The New Tenant Rent Index

The BLS’ New Tenant Rent Index fell 9.3% year-over-year through the end of Q2 2025. This data tracks what is happening with rents much closer to real time and tends to lead the shelter component of CPI (which tracks the rental market on a significant lag and uses a concerning amount of survey data).

If the CPI’s shelter component “catches down” to the New Tenant Rent Index it would provide significant downward pressure on CPI prints in the coming months.

Carolinas Apartment Absorption Remains Strong

The Carolinas absorbed over 69,200 units in the year-ending 2nd quarter, which was a record for the region and more than double the five-year average.

When looking at demand as a share of the region’s total existing unit count, the Carolinas came out notably ahead of the nation’s other regions. The Carolinas had 995,200 existing apartment units as of 2nd quarter, which was the smallest volume nationwide.
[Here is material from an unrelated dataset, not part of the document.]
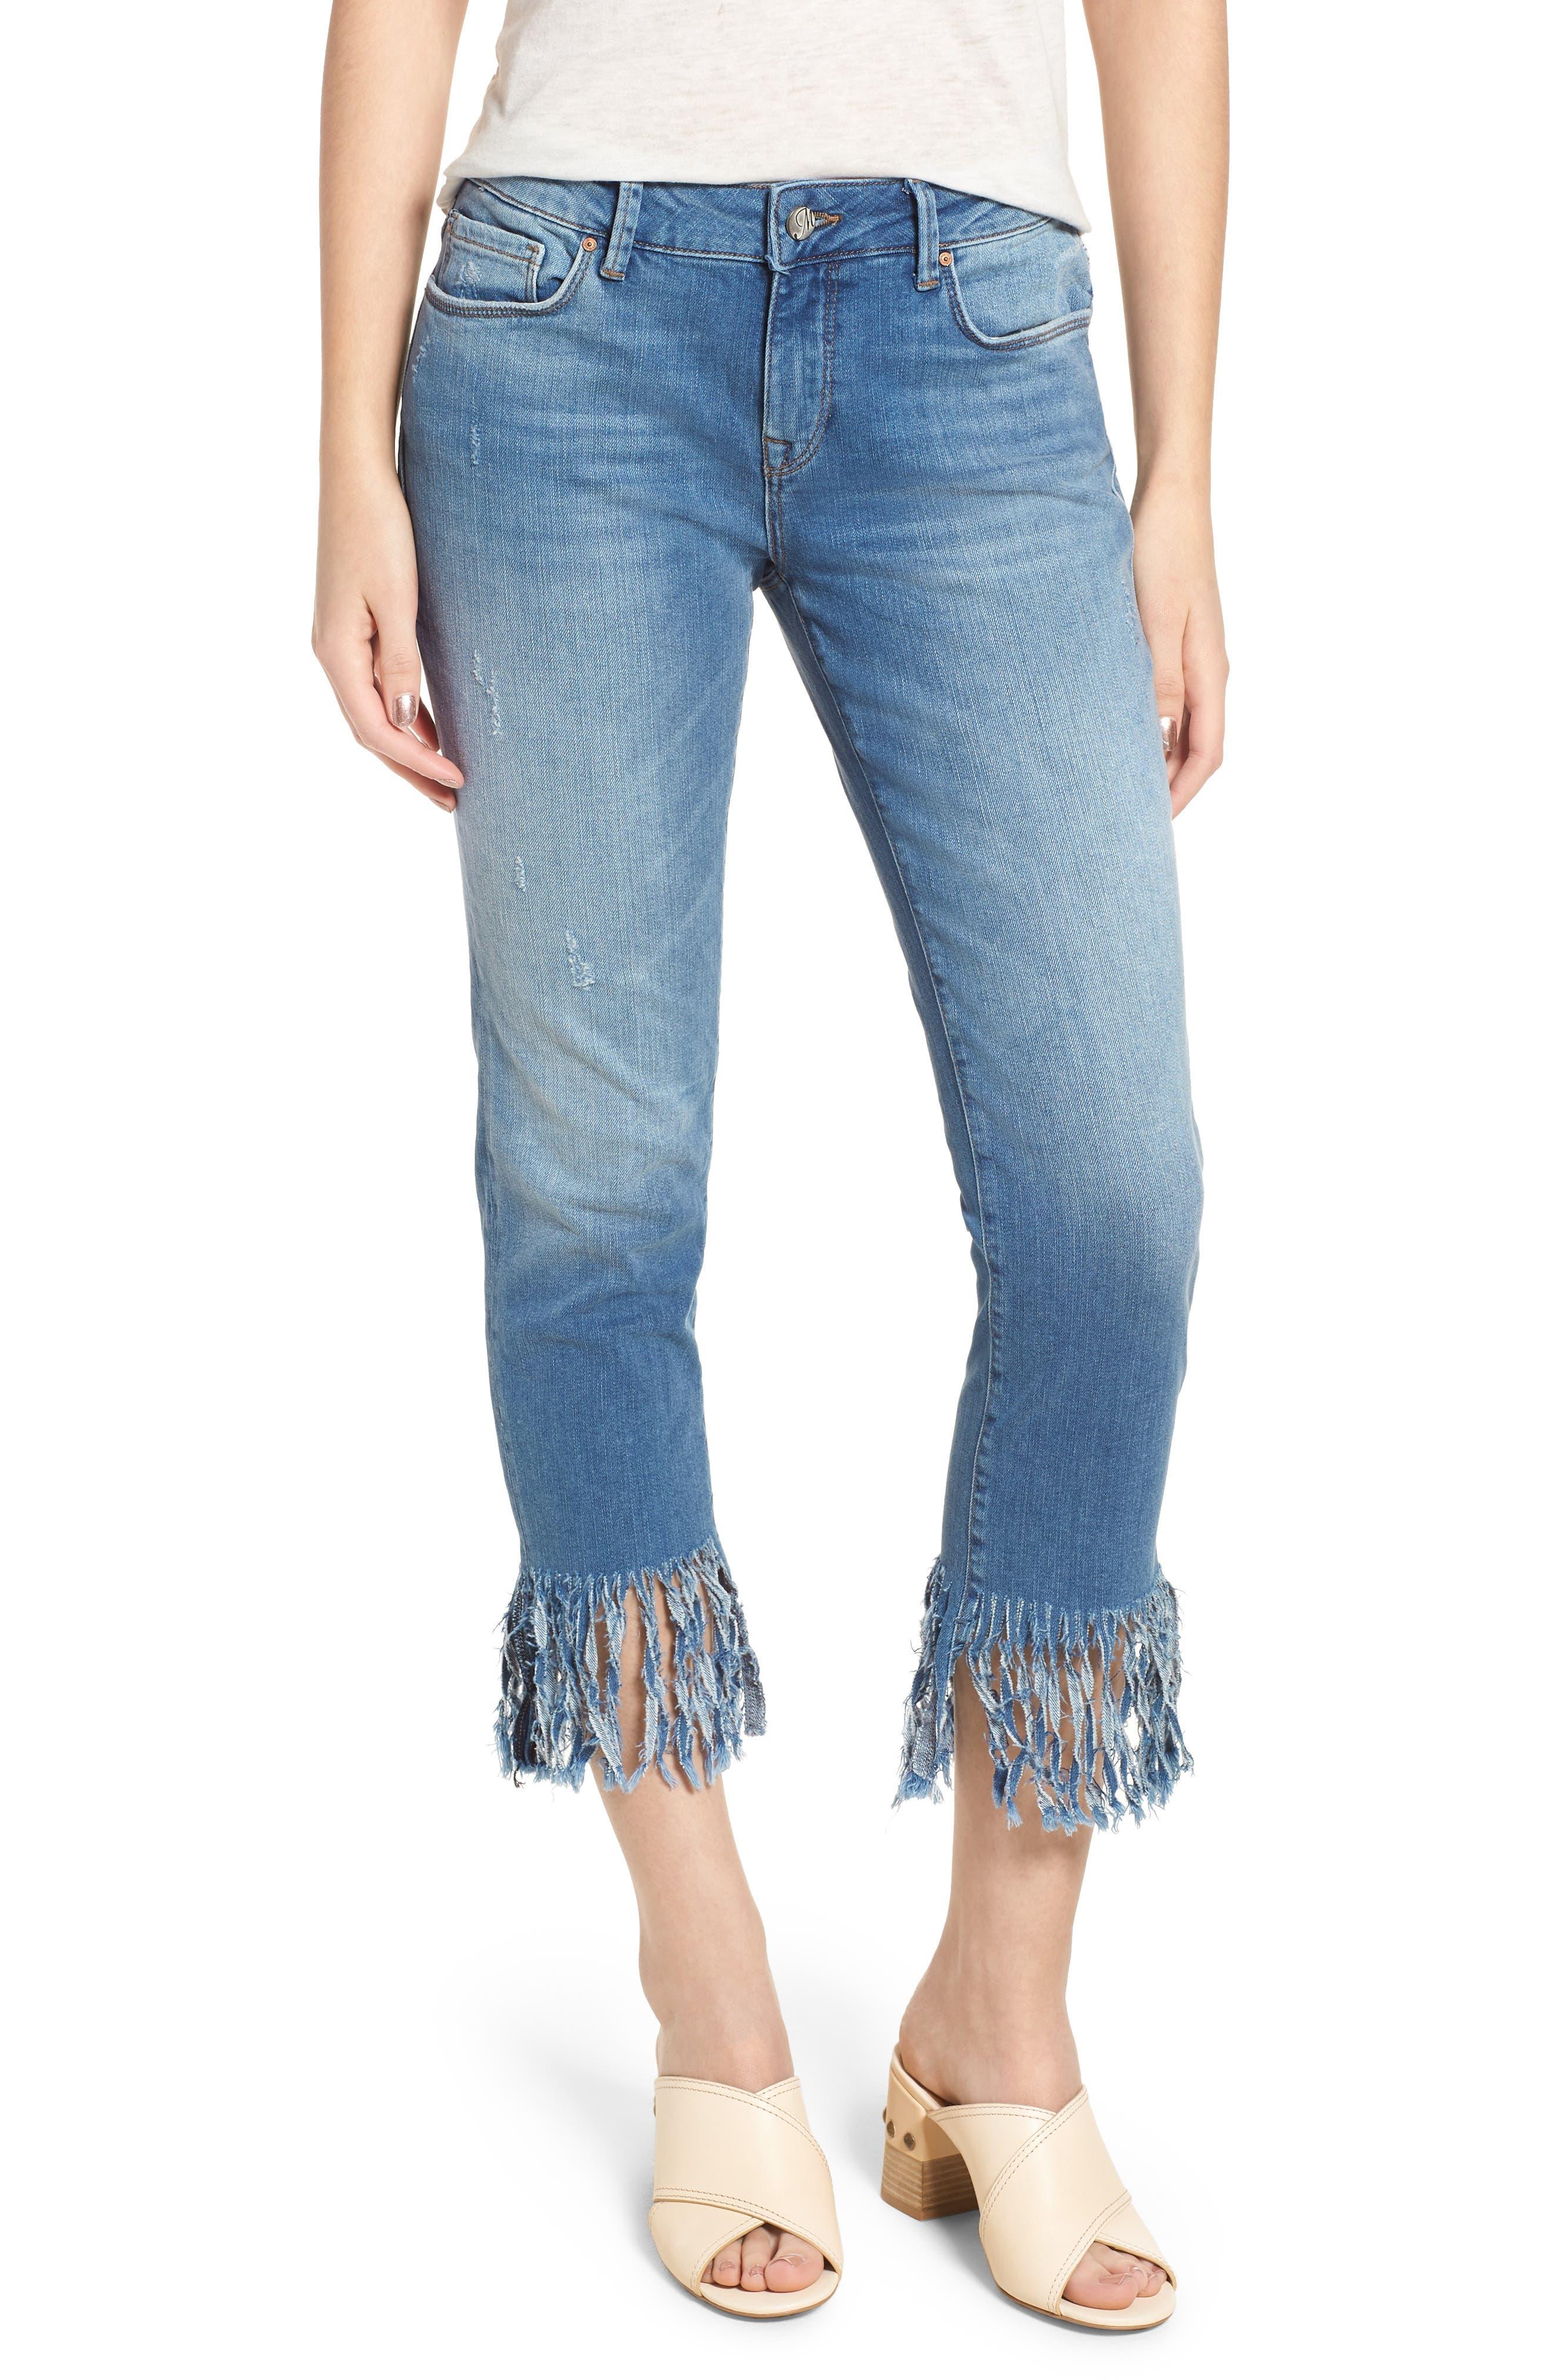 Mavi Jeans Kerry Fringe Hem Ankle Jeans (Distressed Vintage)

That means the past year’s demand total represents 7% of the Carolinas region’s existing stock of apartments. 

Source: RealPage

Apartment Demand Continues To Far Outpaces Starts

Across the U.S., apartment demand keeps climbing just as building starts have plummeted. In the year-ending 2nd quarter, nearly four more apartments were absorbed than started, with nearly 800,000 units absorbed, compared to about 215,000 units started. That was an increase from the already solid ratio of 3.4 from the 1st quarter. Charlotte and Raleigh had demand-to-starts ratios between 4.1 and 4.6.

Apartment supply volumes remain elevated, though completions continued to drop in 2nd quarter 2025.

The South saw the steepest pullback, delivering roughly 6,900 units less than in the first three months of 2025 and even fewer than the peak achieved in 3rd quarter 2024.